Close your eyes and let your ears (and imagination) take over — well, not so much for this article, but when you try out your first audiogame experience! An “audiogame” is a video game that has no graphics or visuals, where the player uses solely their hearing to learn skills, navigate environments, conquer enemies, solve puzzles, and win. Some AAA games offer accessibility mods that let those without sight play some or most of the game, but the importance of visuals in those games is still the driving sensory experience. A true audiogame removes the visual sense completely and focuses on the other sense that can be delivered through a desktop computer or game console: hearing. 

Over the past several decades, a small but passionate community of experimental game developers have released audio-only games for desktops, mobile, and the web, with standouts being Papa Sangre (2010) and A Blind Legend (2016). With no visuals to rely on, audiogames need to solely leverage sound design, audio cues, music, voice dialog, and DSP techniques to create game mechanics and game levels. A common technique of many of the most popular audiogames is the use of binaural spatial audio to help create convincing audio environments and diegetic sound cues. Achieving this sense of audible reality is core to the player trusting their ears to play and win and becoming fully immersed in the game’s world.

Earlier this year I released my very first indie game for PC and Mac on the Steam platform called Rocococo Audiogame Fantastique and I’m excited to elaborate on my experience developing it and how spatial audio is a key component of the design.

Video URL
Rocococo Audiogame Fantastique ~ Official Trailer!

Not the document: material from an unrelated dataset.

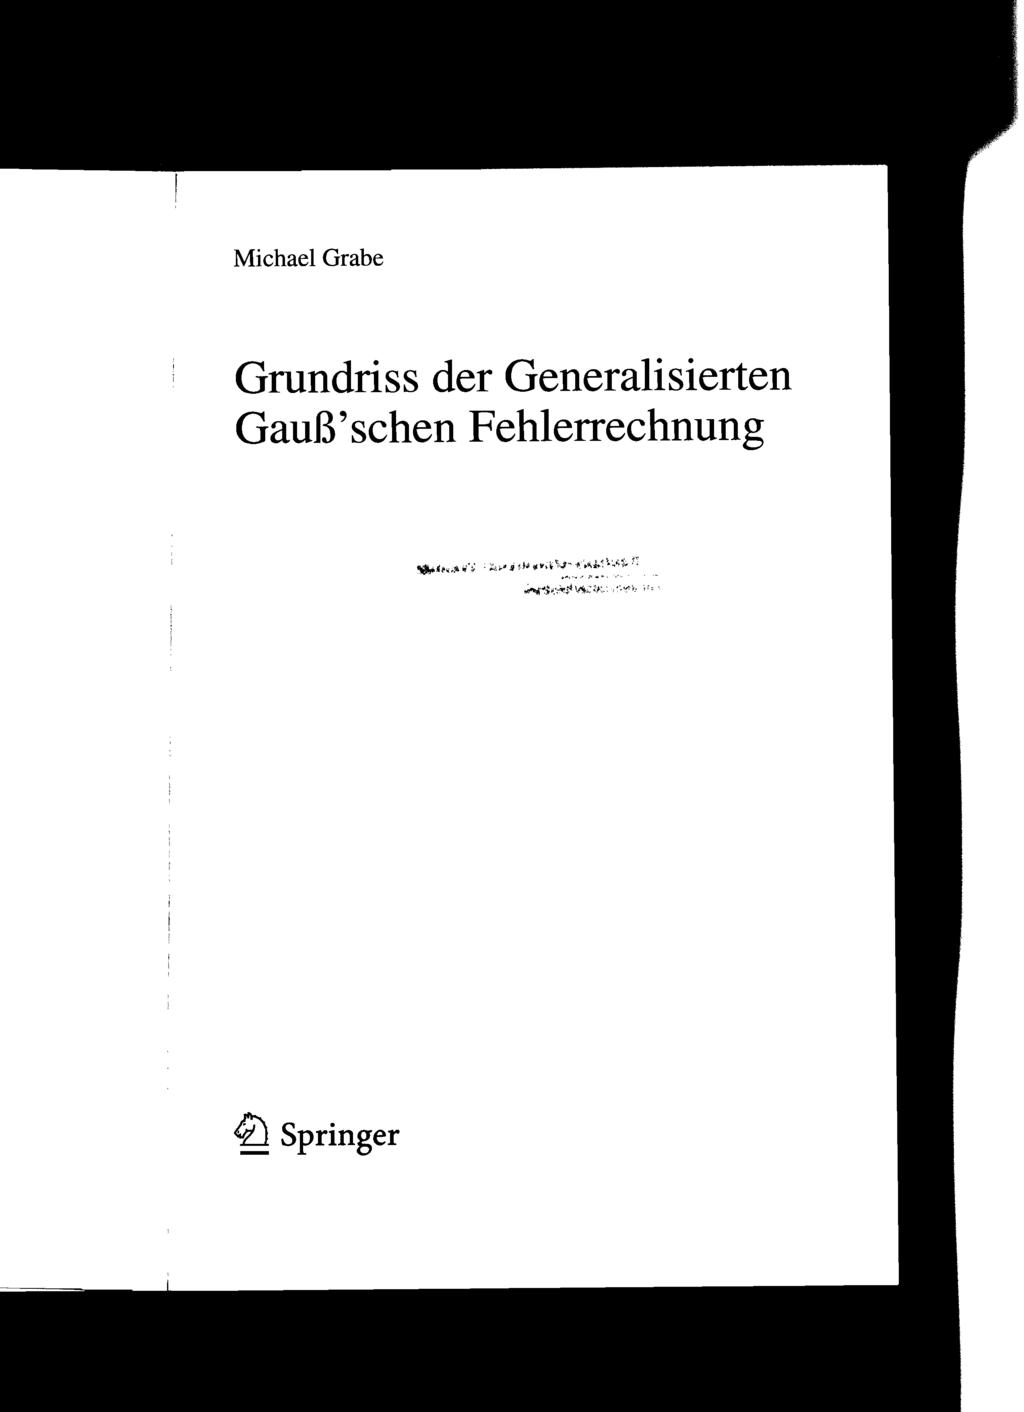 Michael Grabe Grundriss der Generalisierten Gauß'schen Fehlerrechnung ""Jl'..~.t. itj':; ~;.

How My Journey Prepared Me

I probably would not have endeavored to take on such a feat as creating and designing an audiogame were it not for 2 essential aspects of my career and years of audio-technology pursuits: making games and spatial audio. Over the past 25 years as an electronic musician and composer, I have always been enamored with how technology can facilitate unique, immersive, and interactive sonic experiences. I have been fortunate to spend a decade dedicated to creating music-based videogames and another decade dedicated to advancing and evangelizing spatial audio technology.

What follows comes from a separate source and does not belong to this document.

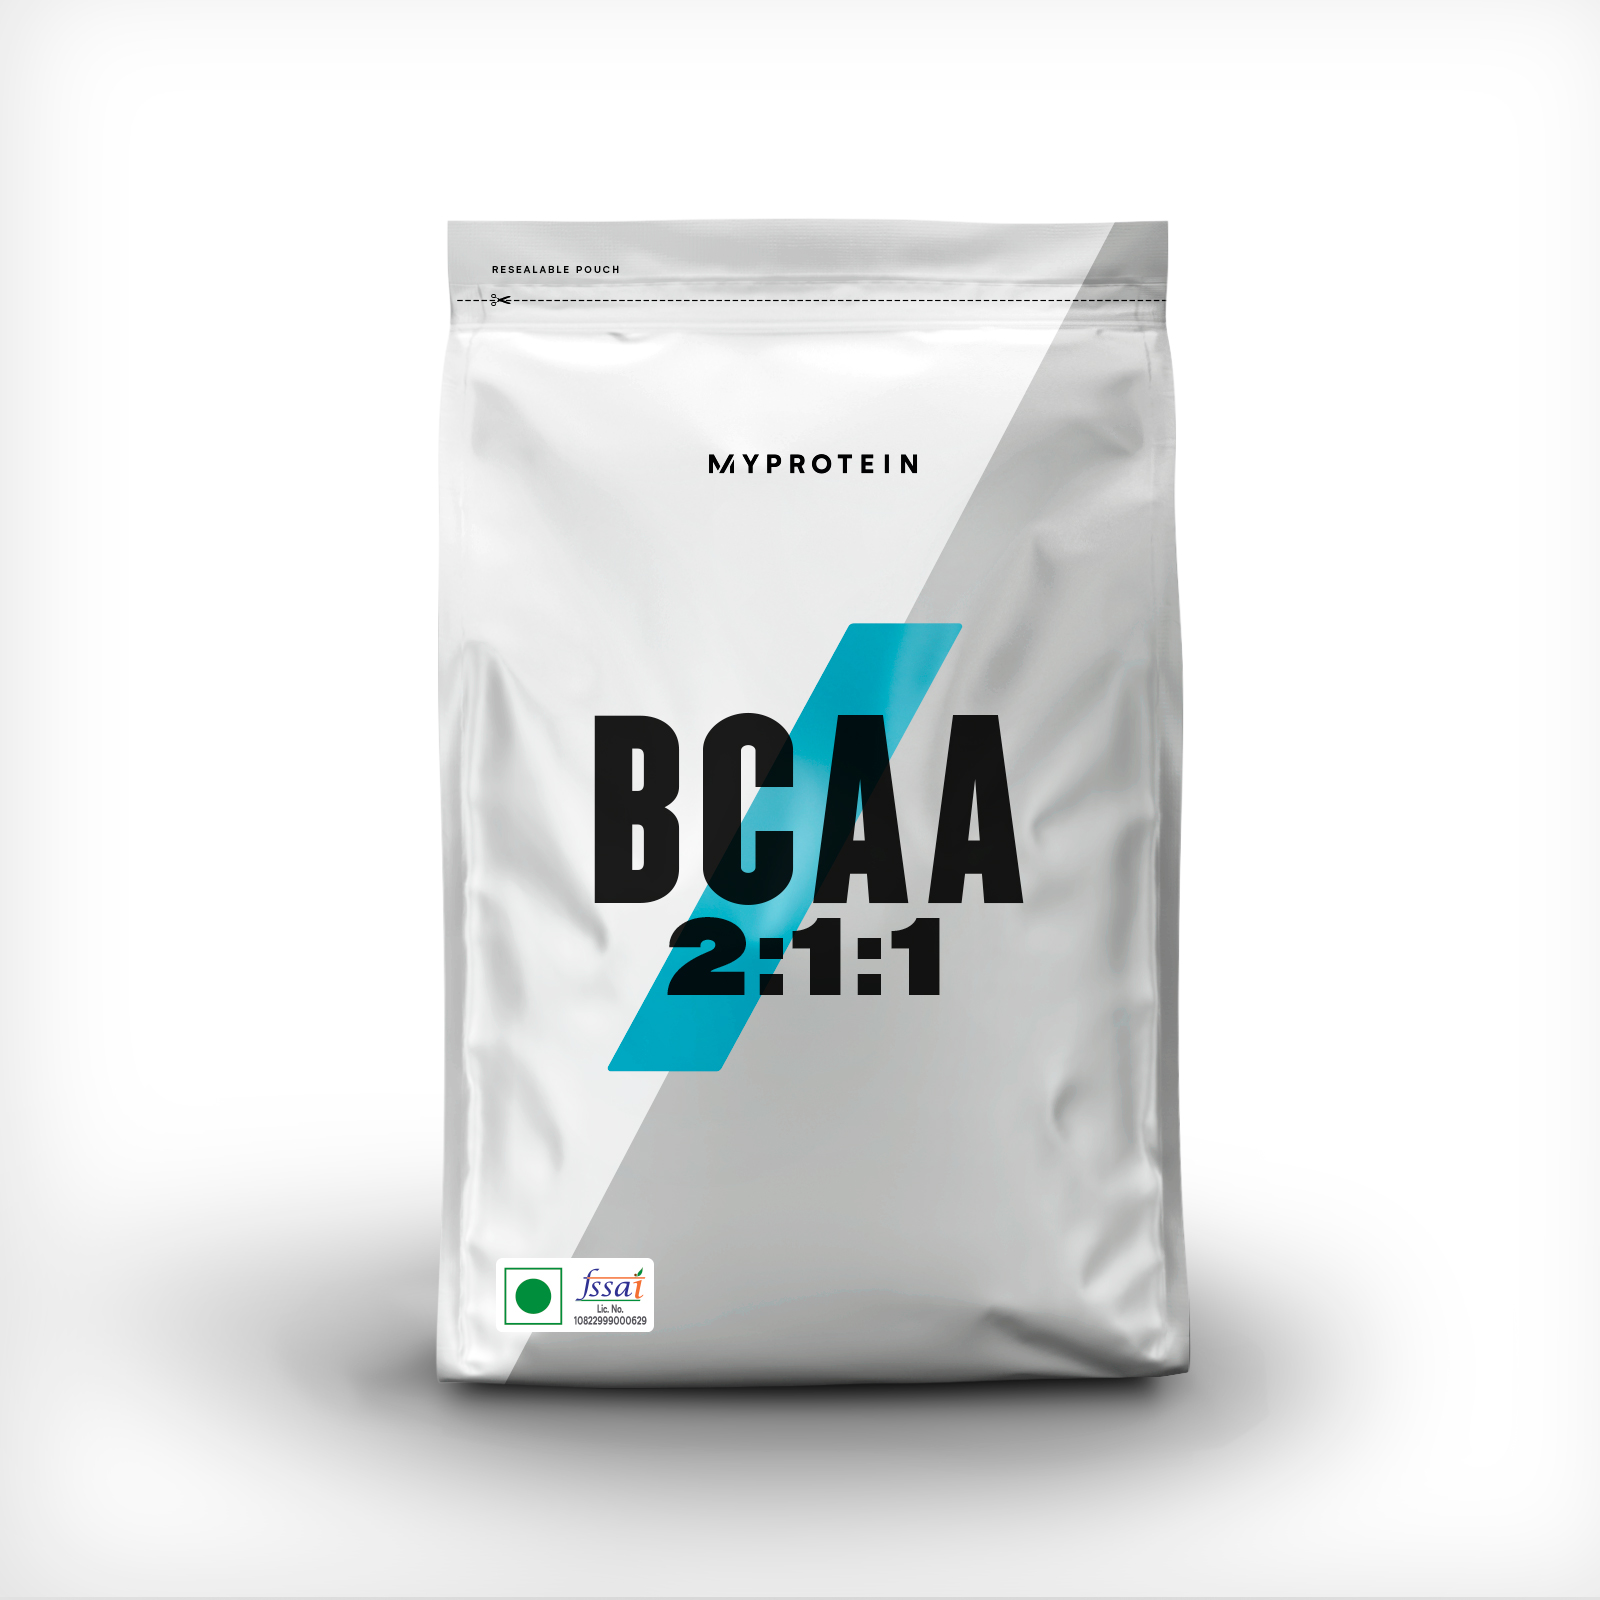 BCAA 2:1:1 Powder - 250g - Unflavoured

At Harmonix, a game studio based in Boston USA, I spent 13 years as an Audio Director, Producer, and Game Director working on interactive music-game franchises like Guitar Hero, RockBand, and Dance Central. Working there taught me the skills to create, design, and produce games that let non-musicians feel like rock stars. Through countless prototypes and experimentation, myself and the team there found unique ways to abstract a musical experience and distill it into a fun and rewarding game experience.

Video URL
Rock Band 4 - Chop Suey by System of a Down - Expert - Full Band

After working on games, I was ready for a new challenge and found myself pivoting careers into spatial audio technology; first at Microsoft on the HoloLens spatial computing platform and most recently at THX heading up product development for their suite of spatial audio offerings. I also began creating my own music-VR apps for Oculus Rift and Meta Quest devices where 6doF plus spatial audio technology was employed to build interactive sound environments. Through these activities, I worked closely with DSP and acoustical engineers to understand and improve the technology, learn how it’s employed and optimized on various platforms, design the tools needed for creators to utilize the technology, and craft best-practices for how to get the most out of a spatial audio experience.

  • Download my free music-VR app (m)ORPH.
  • Or check out footage of the (m)ORPH VR app here:
Video URL
(m)ORPH ~ Live Quest2 footage ft music by Christopher Willits

With ample knowledge of what it takes to create a video game and how to best leverage spatial audio to craft immersive audio experiences, I was ready to fuse those together to create my first audiogame. My only other goal was to design a game where adding visuals to the game would detract from the experience and further cement sound as the essential component.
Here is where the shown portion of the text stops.